Often when working on a genealogical puzzle, I find myself in a similar situation -- staring at information that is incomplete and conflicting and trying to figure out what really happened. Just the other day I spent hours on the simplest of questions -- when was the person born? -- and loved every minute of it. Are you a genealogy nut like me? Or does spending hours trying to figure out a person's birthdate just seem silly? Maybe I can convince you that it is fun by describing all the tips and tricks I used to get a (tentative) answer.
First, of course, I gathered my evidence. I was trying to put in a correct birthdate for Etta Mae (Woodard) Brendle. I had a lot of sources -- six censuses, a marriage record, a cemetery listing, and a Social Security NUMIDENT file (that's the index of the information on a person's Social Security Number application). Sounds like I'd have it nailed, right? So much information! However, as in any good mystery, my "witnesses" were telling conflicting stories. Was she born in February or May? Was it 1896 or 1897? The records didn't agree.

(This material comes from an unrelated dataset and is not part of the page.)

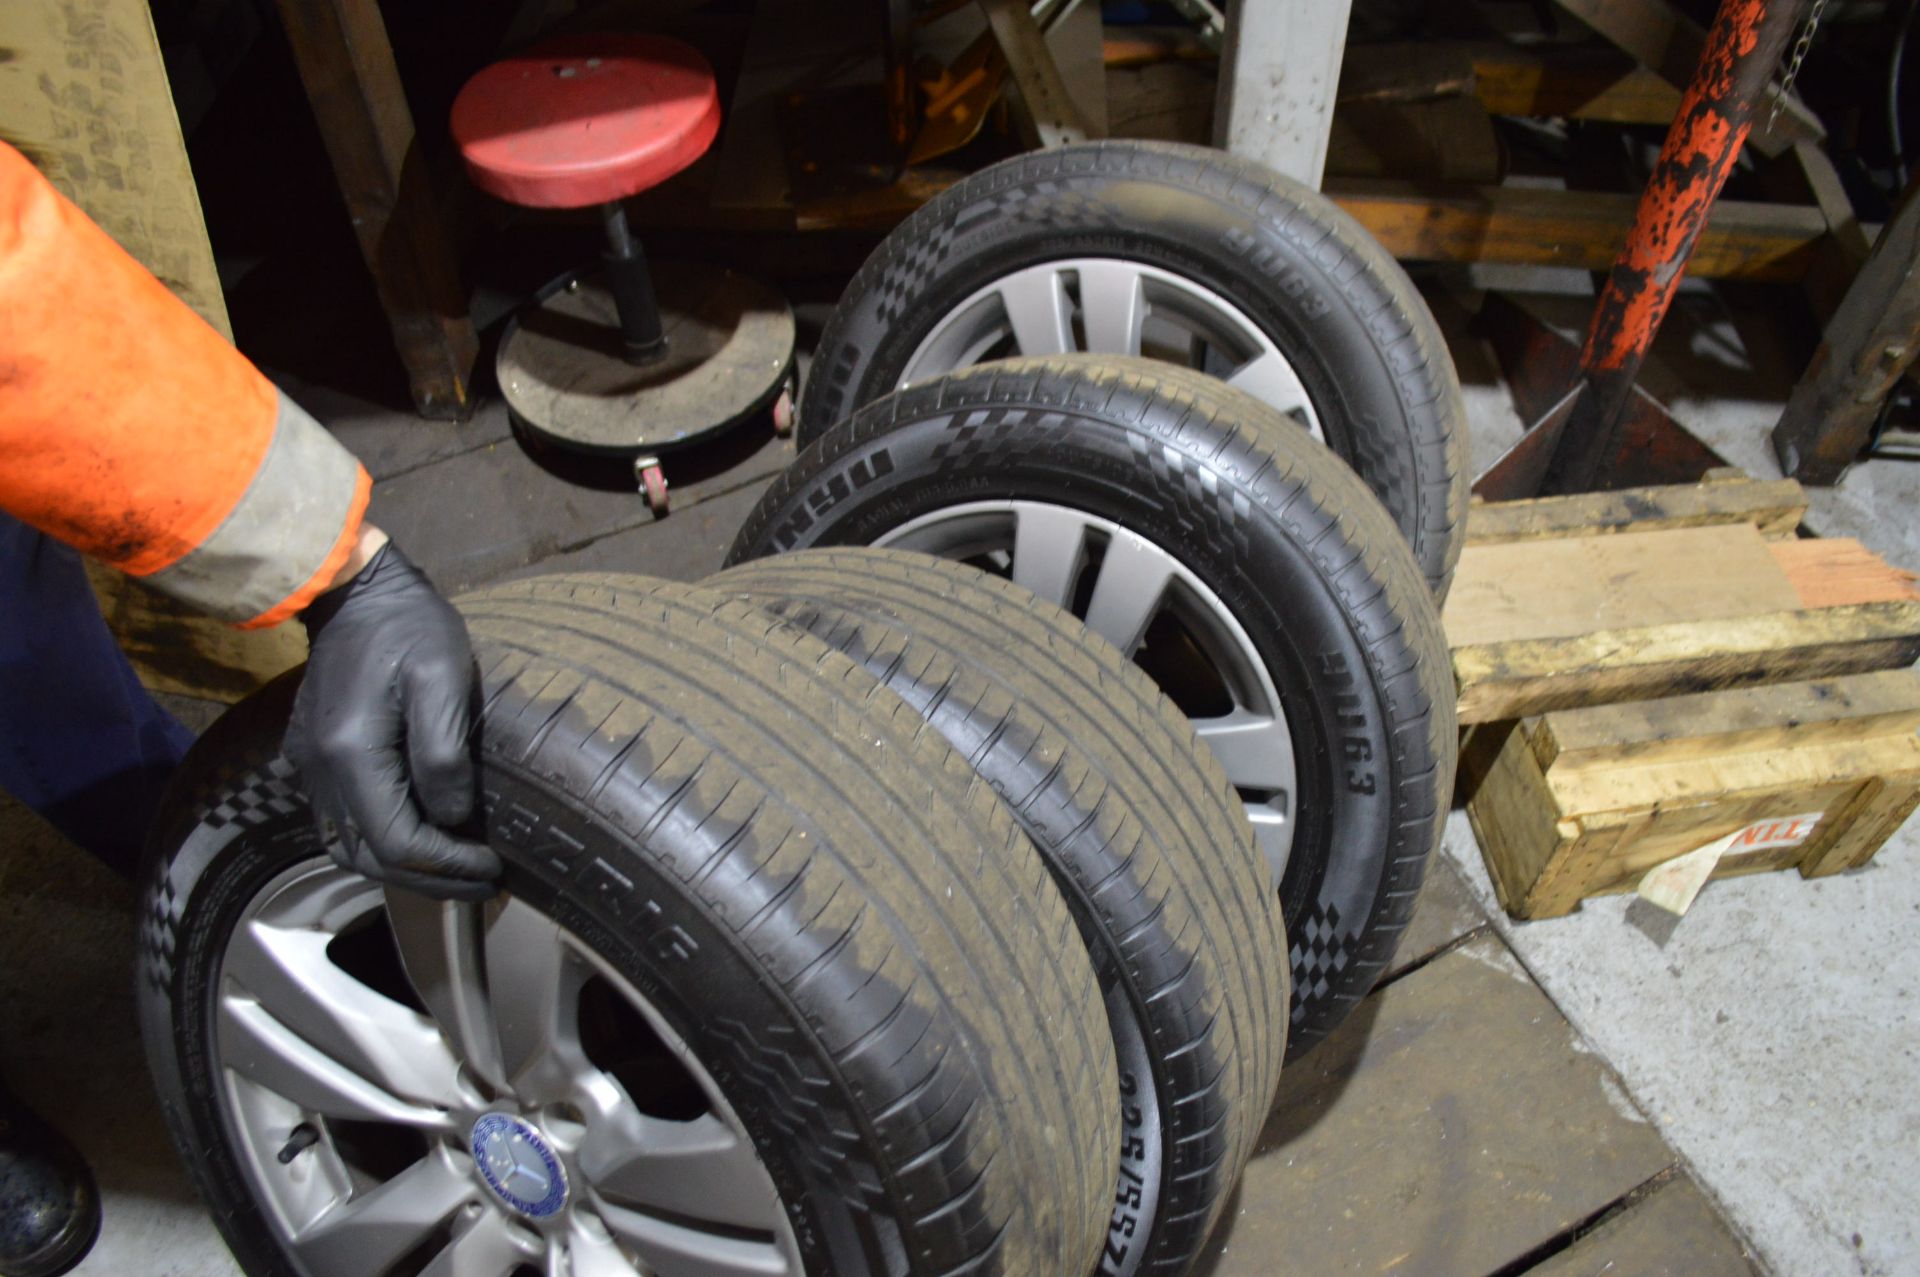 16" MERCEDES-BENZ ALLOY WHEELS - REMOVED FROM 2012 MERCEDES E CLASS *NO VAT* - Image 4 of 6

So who were these "witnesses"? What might have caused them to misremember the information, make a mistake, or outright lie? To figure that out, I had to consider how each source was created and whether I could trust the creator to be diligent about getting the information right. It's helpful to consider the Five W's here:
- Who created this record? (Who is the informant -- recorded on death certificates, for example.)
- What is the record (A legal document filed with the state? Or a scribble on the back of a photo?)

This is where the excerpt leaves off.